When you run docker build -t myapp ., the Docker daemon reads the Dockerfile top to bottom, runs each instruction, caches the resulting filesystem snapshot, and stacks the layers into a final image. Each layer is content-addressed and immutable — change one instruction near the top and every layer below it has to rebuild. Change one near the bottom and Docker reuses the cached layers above. This is why instruction order matters so much for build speed.
The current best practice in 2026 is BuildKit (default in Docker 23+) which adds parallel layer builds, secret mounting, cache mounts, and multi-platform builds out of the box. You get all of this for free just by using a recent Docker.

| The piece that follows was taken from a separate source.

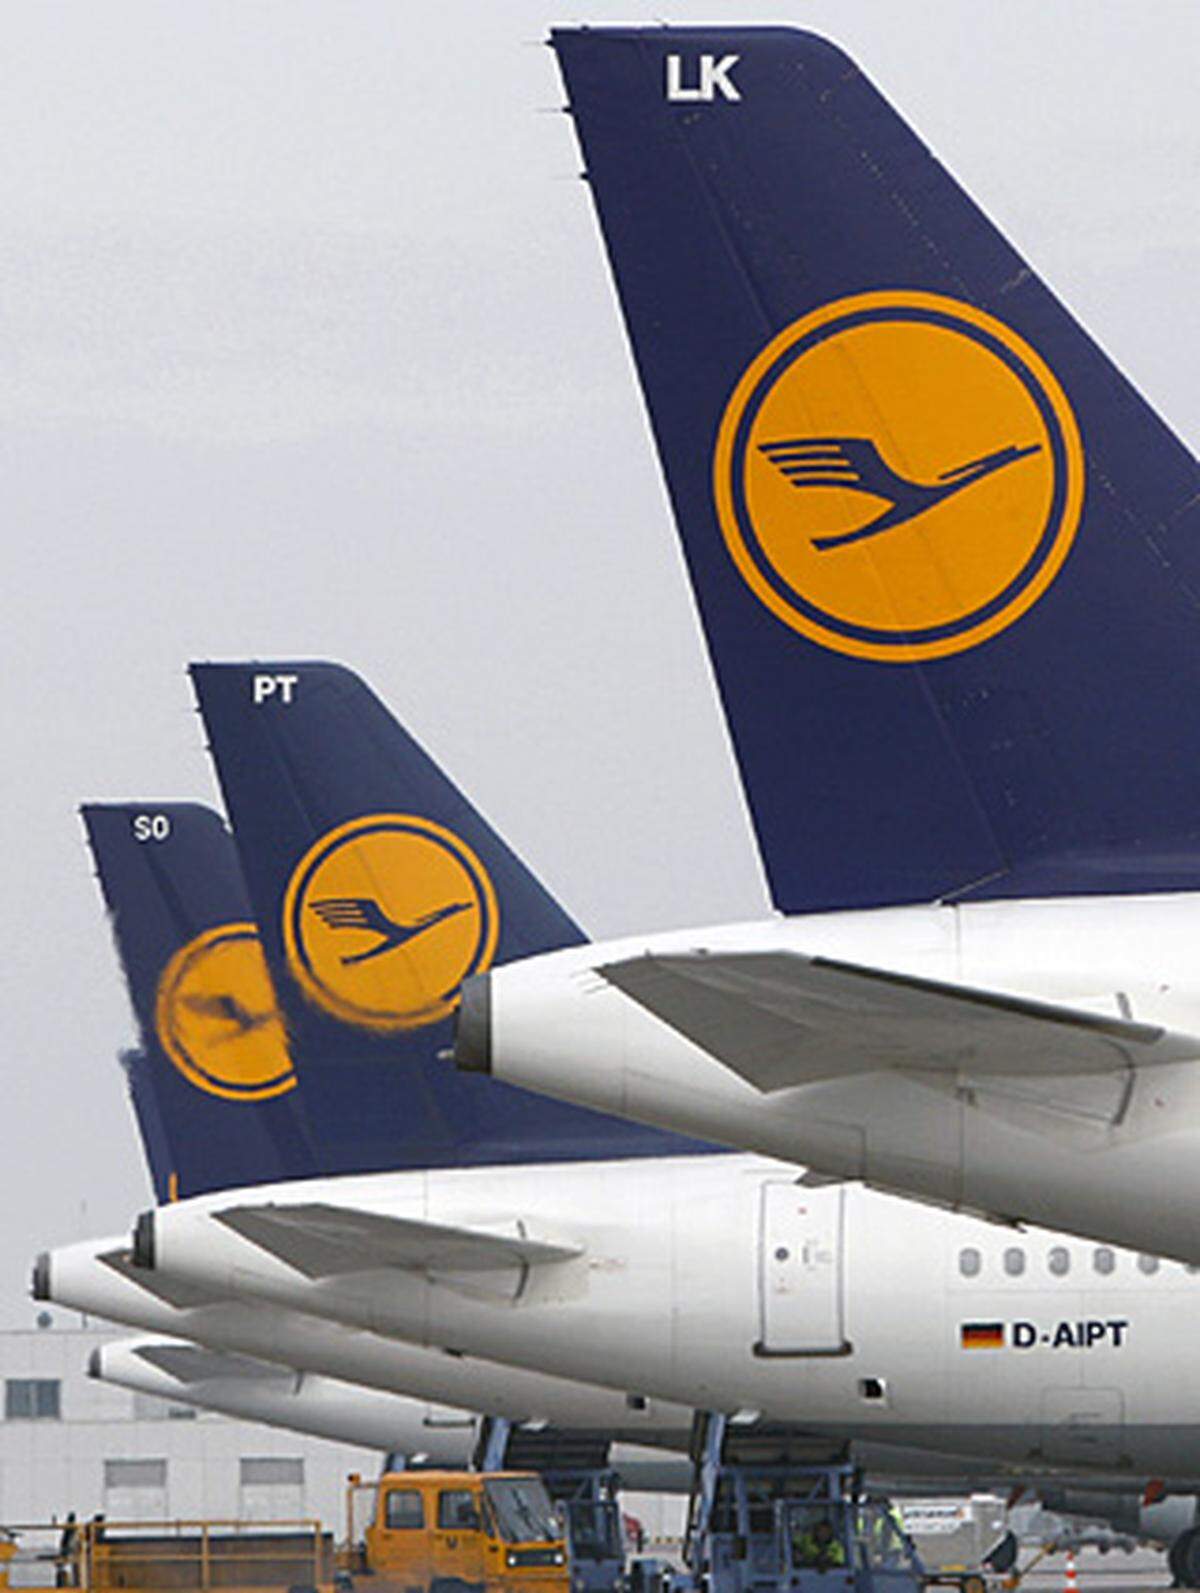 Die Deutsche Lufthansa nimmt in der Sicherheits-Rangliste Platz 19 mit der Sicherheitsrate 0,005 ein. Dass sie nicht besser platziert ist, ist auf einen Unfall am 14. September 1993 in Warschau zurückzuführen. Dabei war ein Airbus A320 auf regennasser Landebahn unter sehr schwierigen Umständen verunglückt. Unter den beiden Todesopfern befand sich auch der A320-Chefpilot der Lufthansa, einer der erfahrensten europäischen Flugkapitäne. Seitdem hatte auch die Lufthansa keinen schweren Unfall mehr.

The Instructions You Actually Need
Out of the dozen+ Dockerfile instructions, you will use these eight in almost every file:
FROM— the base image you start from. Always the first line.FROM node:22-alpinesays "start from a tiny Alpine Linux image with Node 22 already installed."WORKDIR— set the working directory inside the image. All subsequent commands run from here.WORKDIR /app.COPY— copy files from your project into the image.COPY package*.json ./brings just the package files in (we will see why ordering matters in a moment).RUN— execute a shell command at build time. Used to install dependencies.RUN npm ci --omit=dev.ENV— set environment variables.ENV NODE_ENV=production.EXPOSE— document which port the container listens on.EXPOSE 3000. (Documentation only —-pat run time is what actually publishes the port.)USER— switch to a non-root user.USER node.CMD— the default command run when the container starts.CMD ["node", "server.js"].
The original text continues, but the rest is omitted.